En tant qu’administrateur de page Facebook, vous avez également la possibilité de masquer, voir de bannir les commentaires d’un profil Facebook. Pour cela, cliquez tout simplement sur le commentaire et choisissez l’option « masquer ». Pour bannir un utilisateur, répétez l’action sur le commentaire masqué et cette fois-ci cliquez sur « Bannir ». Sachez que la frontière entre « supprimer » et « masquer » peut avoir toute son importance lors de la modération des commentaires négatifs. Ainsi, supprimer un commentaire laissera des traces et l’auteur du message en question sera informé que son commentaire aura disparu, pouvant ainsi entrainer une surréaction même si vous veniez à supprimer son profil car généralement les trolls possèdent plusieurs comptes et ont la capacité, de ce fait, à réitérer leur intervention. Nous ne pouvons donc que vous conseiller dans un premier temps d’avoir recours à l’alternative « masquer le commentaire » pour calmer le jeu.
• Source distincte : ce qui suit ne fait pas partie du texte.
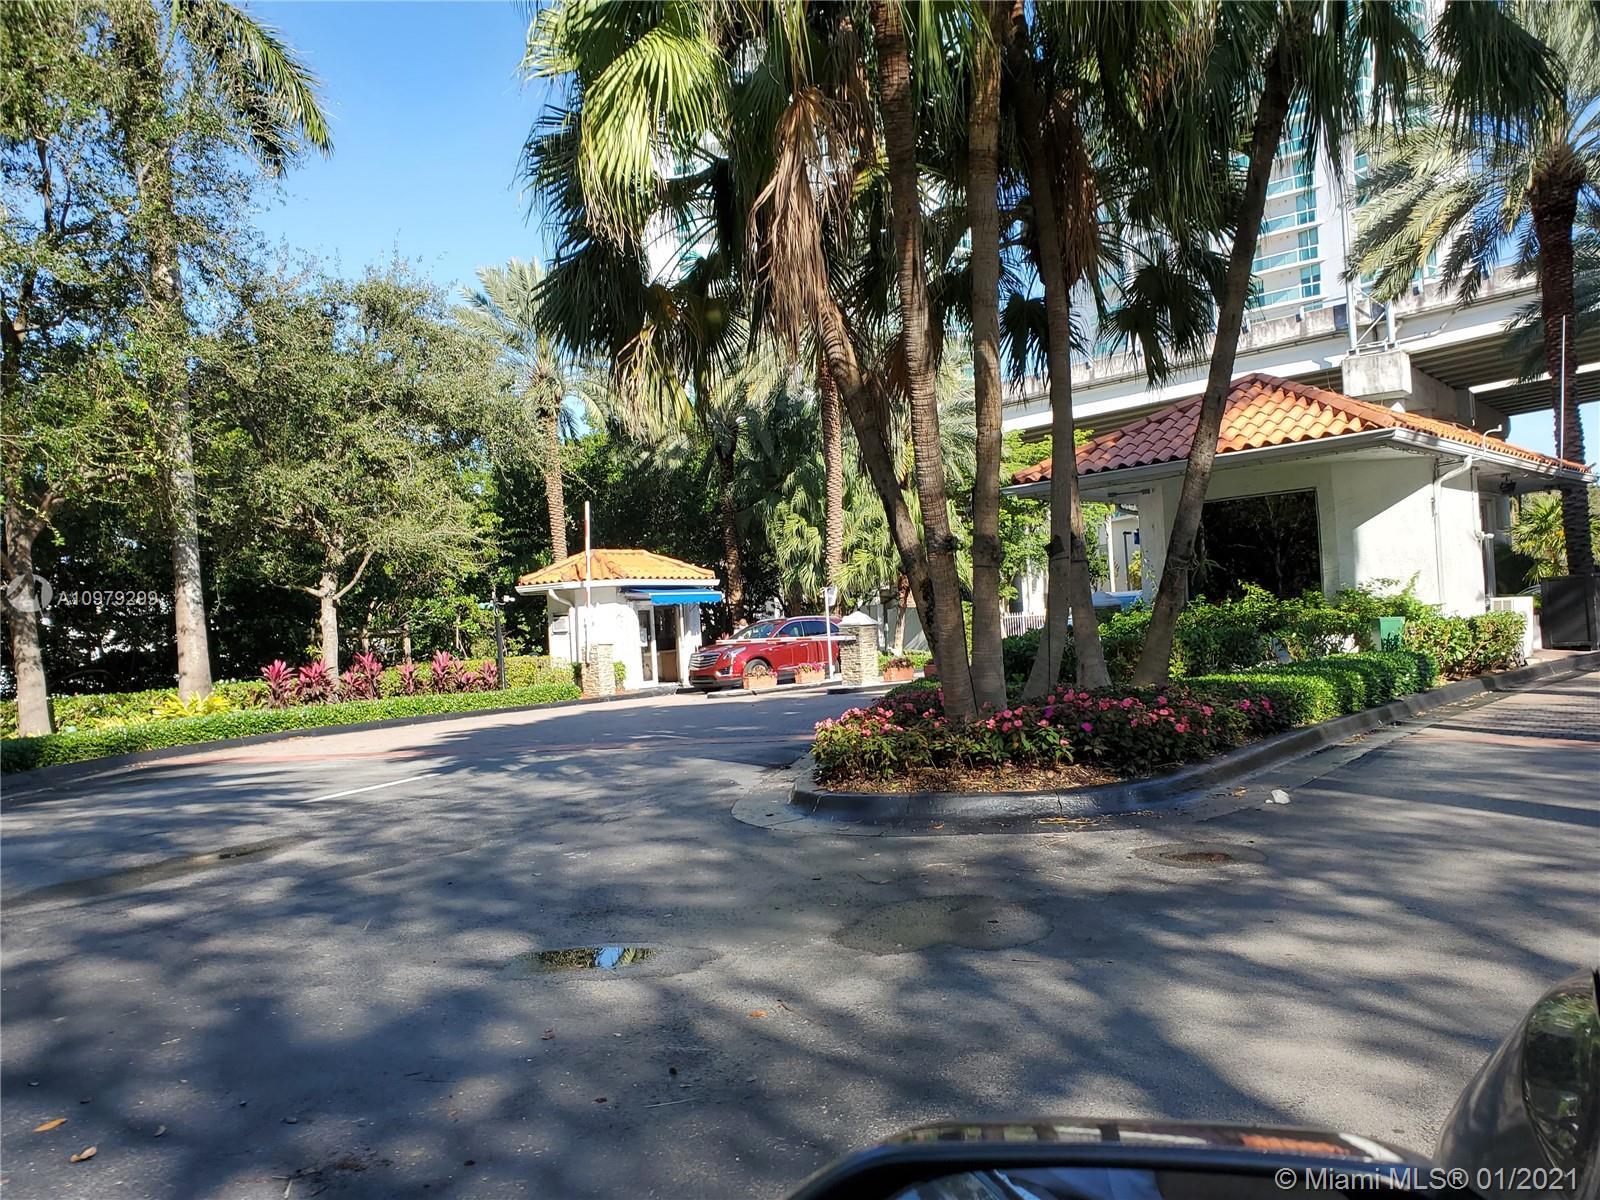 Photo of 3600 Mystic Pointe Dr #304, Aventura, Florida, 33180 - lake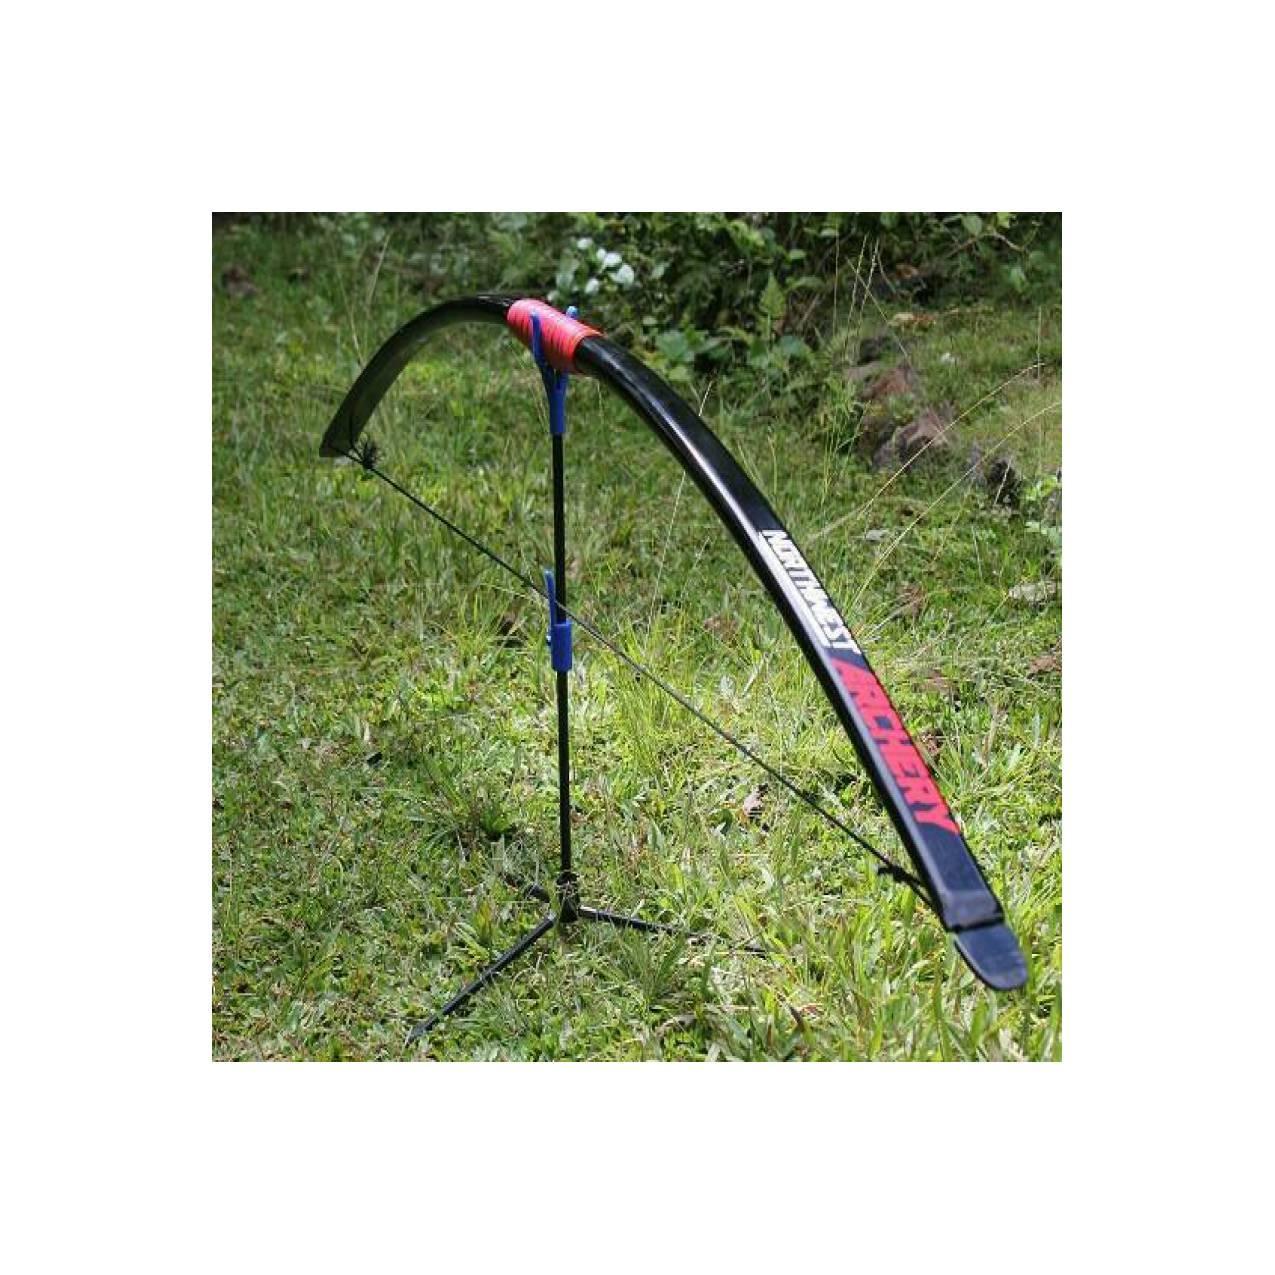 PANAHAN | LONGBOW 40lbs Archery | Panah | Busur | ( PREMIUM QUALITY )

Un moyen efficace contre le trolling est également de solliciter votre communauté, ceux qui vous soutiennent, pour justement appuyer votre expertise et votre savoir-faire .

Le troll peut toutefois revêtir une image bien réelle : Celle du client !
Un client insatisfait : victime d’une retard d’avion, de la suppression d’une activité initialement prévue à son programme ou d’un cas de force majeur et qui n’aurait pas souscrit à une assurance… les possibilités de profils sont nombreuses et il vous faudra jongler entre plusieurs cas de figure pour apporter, cette fois-ci, une réponse construite et personnalisée. Nous vous conseillons dans ce cas de figure de déplacer les éléments dits « publiques », vers un espace confidentiel. Ainsi, invitez la personne à entrer en discussion directe par message privée pour vous positionner comme vrai professionnel et emmagasiner les preuves d’échanges. N’hésitez pas à réaliser des Screenshot qui pourraient s’avérer utiles (au cas où cela aille plus loin).

Pour synthétiser : 

Évitez de coller une étiquette « Troll » sur toutes les personnes qui ne seront pas d’accord avec vous et restez ouverts à la contradiction. Il est toujours important de se rappeler que chaque situation est différente, ce qui marche dans la modération d’un cas ne marchera peut-être pas dans un autre. La notion d’expérience vous sera une arme puissance dans la bataille à mener contre les véritables trolls et les commentaires négatifs qui pourront vous aider quant à eux à vous remettre en question et améliorer votre prestation. Il n’y a pas de protocole clé en main pour se libérer de l’influence d’un troll mais la règle numéro un à appliquer en toute circonstance restera « DON’T FEED THE TROLL ! ».